# Work item
When you reach a picture, skip it, and retype every line below exactly.

# Available data
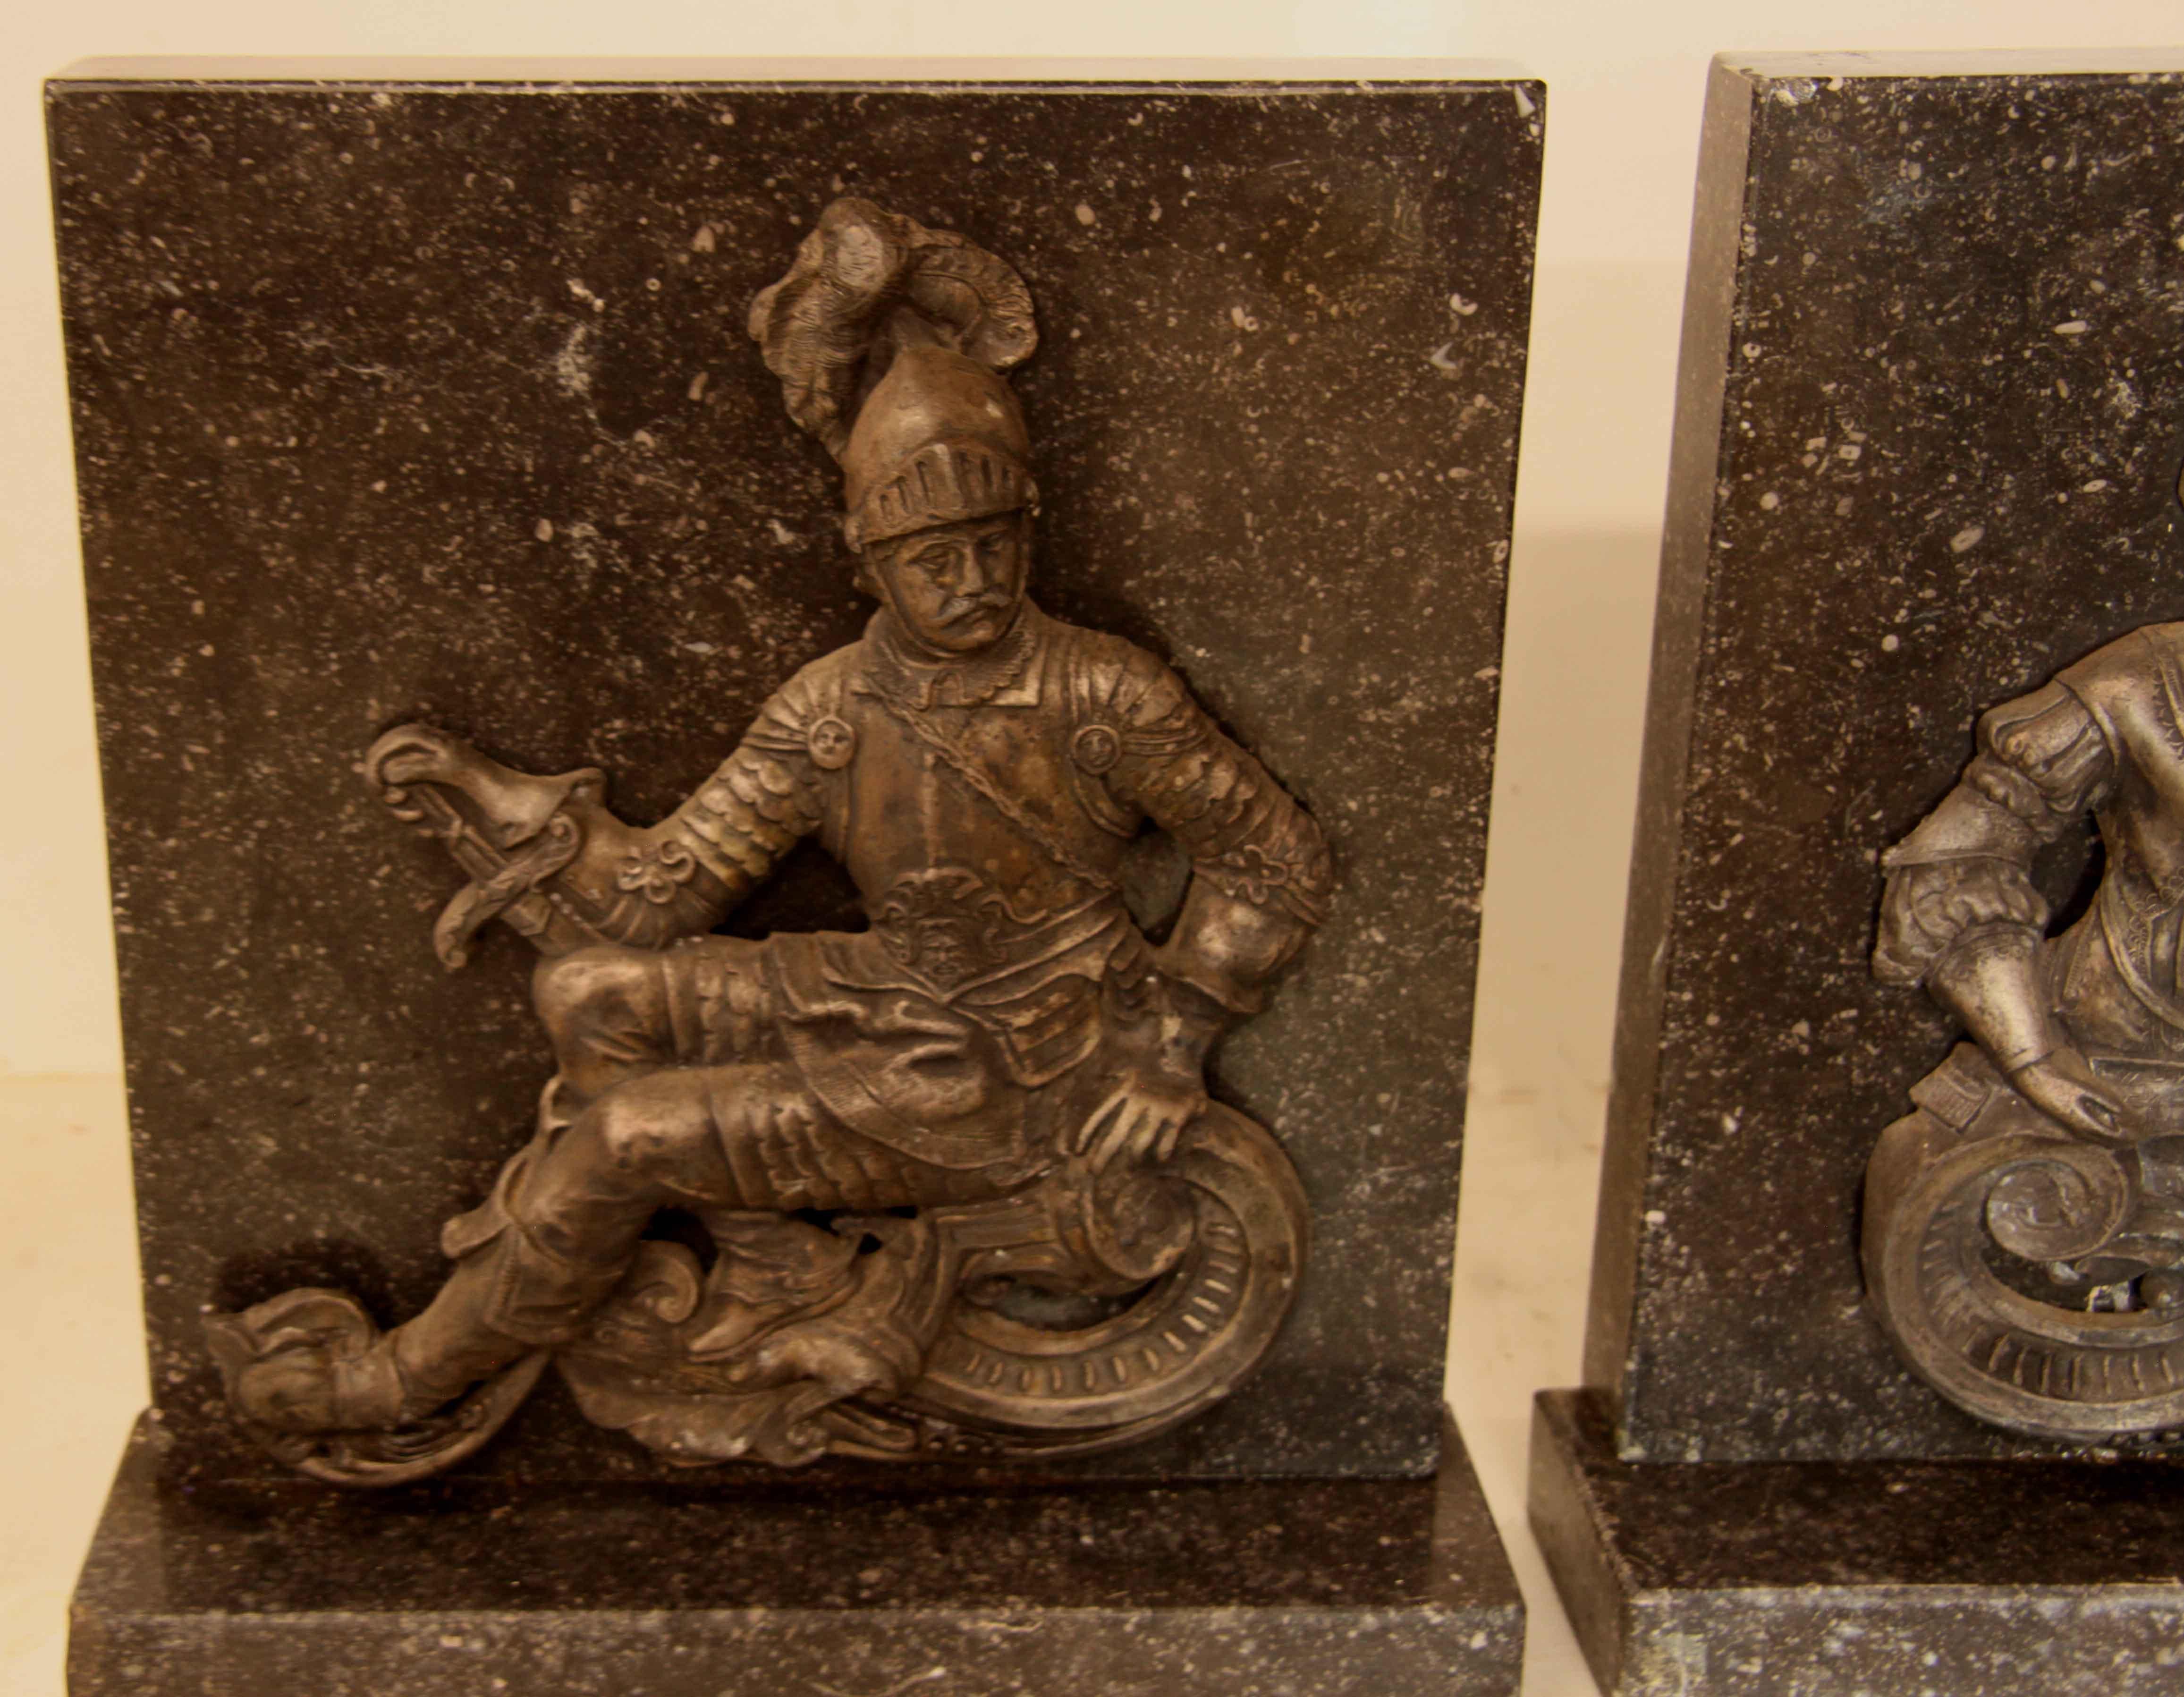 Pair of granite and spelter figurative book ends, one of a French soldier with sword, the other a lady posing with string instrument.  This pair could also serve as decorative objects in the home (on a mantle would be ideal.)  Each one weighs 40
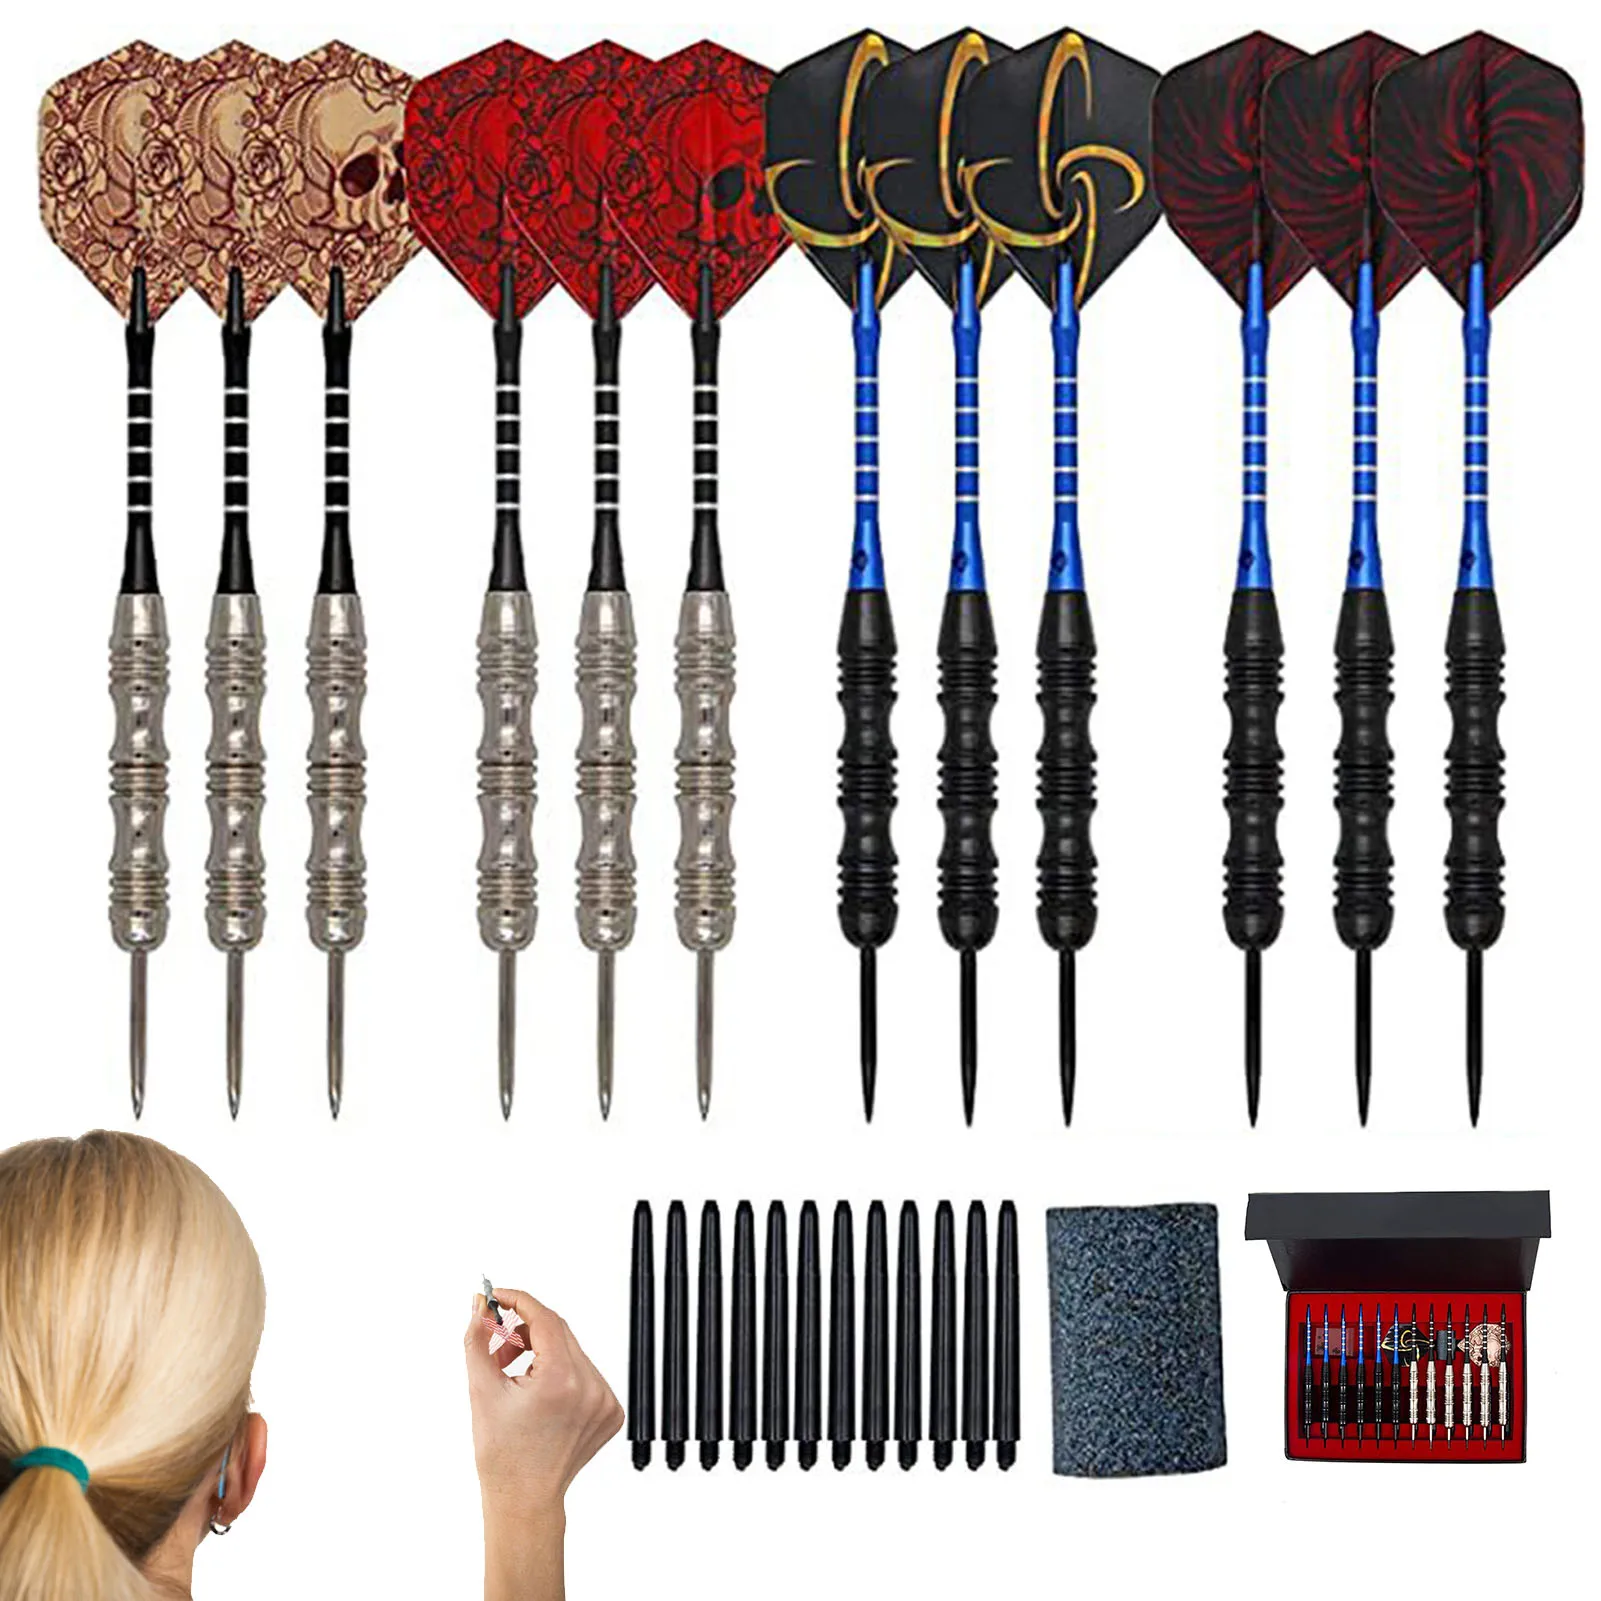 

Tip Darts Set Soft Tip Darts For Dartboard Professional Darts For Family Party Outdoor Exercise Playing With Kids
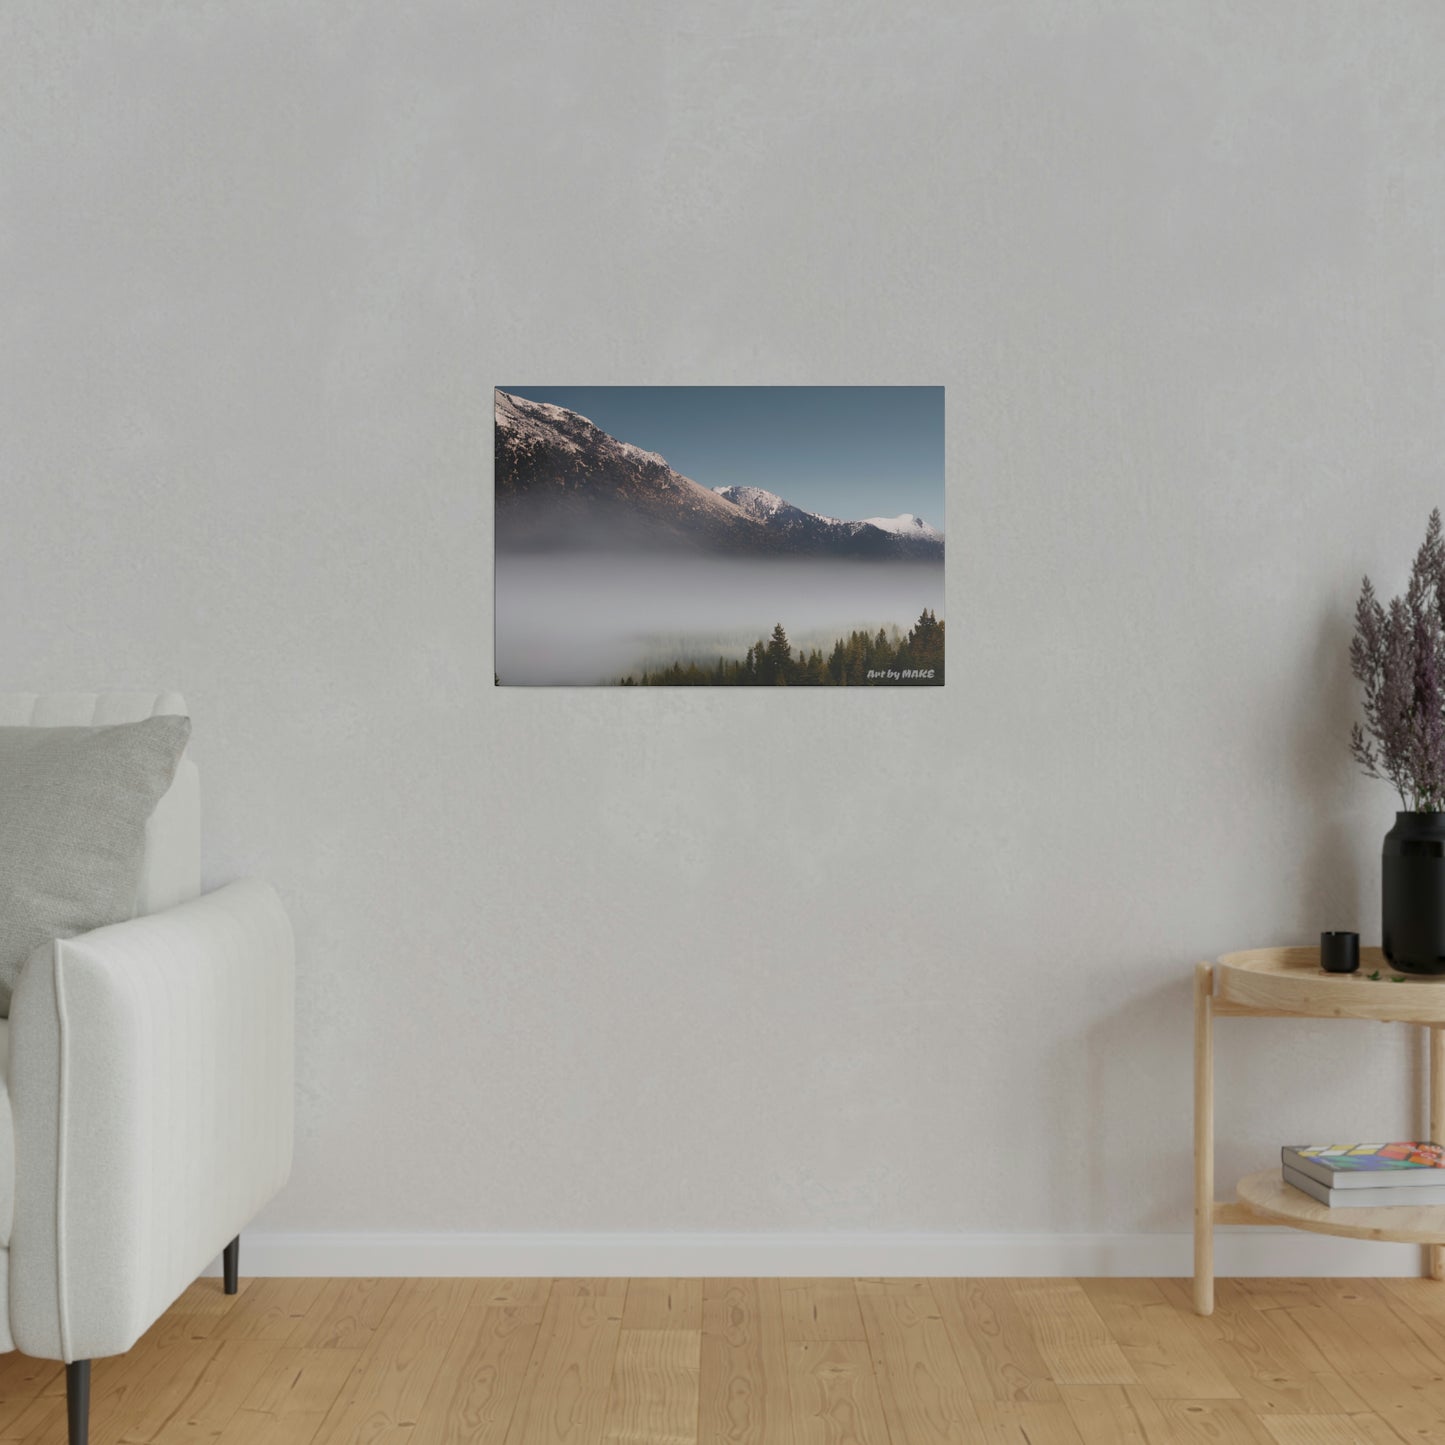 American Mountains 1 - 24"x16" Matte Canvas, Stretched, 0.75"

# Solution to this exercise
 Pair of granite and spelter figurative book ends, one of a French soldier with sword, the other a lady posing with string instrument.  This pair could also serve as decorative objects in the home (on a mantle would be ideal.)  Each one weighs 40

Tip Darts Set Soft Tip Darts For Dartboard Professional Darts For Family Party Outdoor Exercise Playing With Kids
 American Mountains 1 - 24"x16" Matte Canvas, Stretched, 0.75"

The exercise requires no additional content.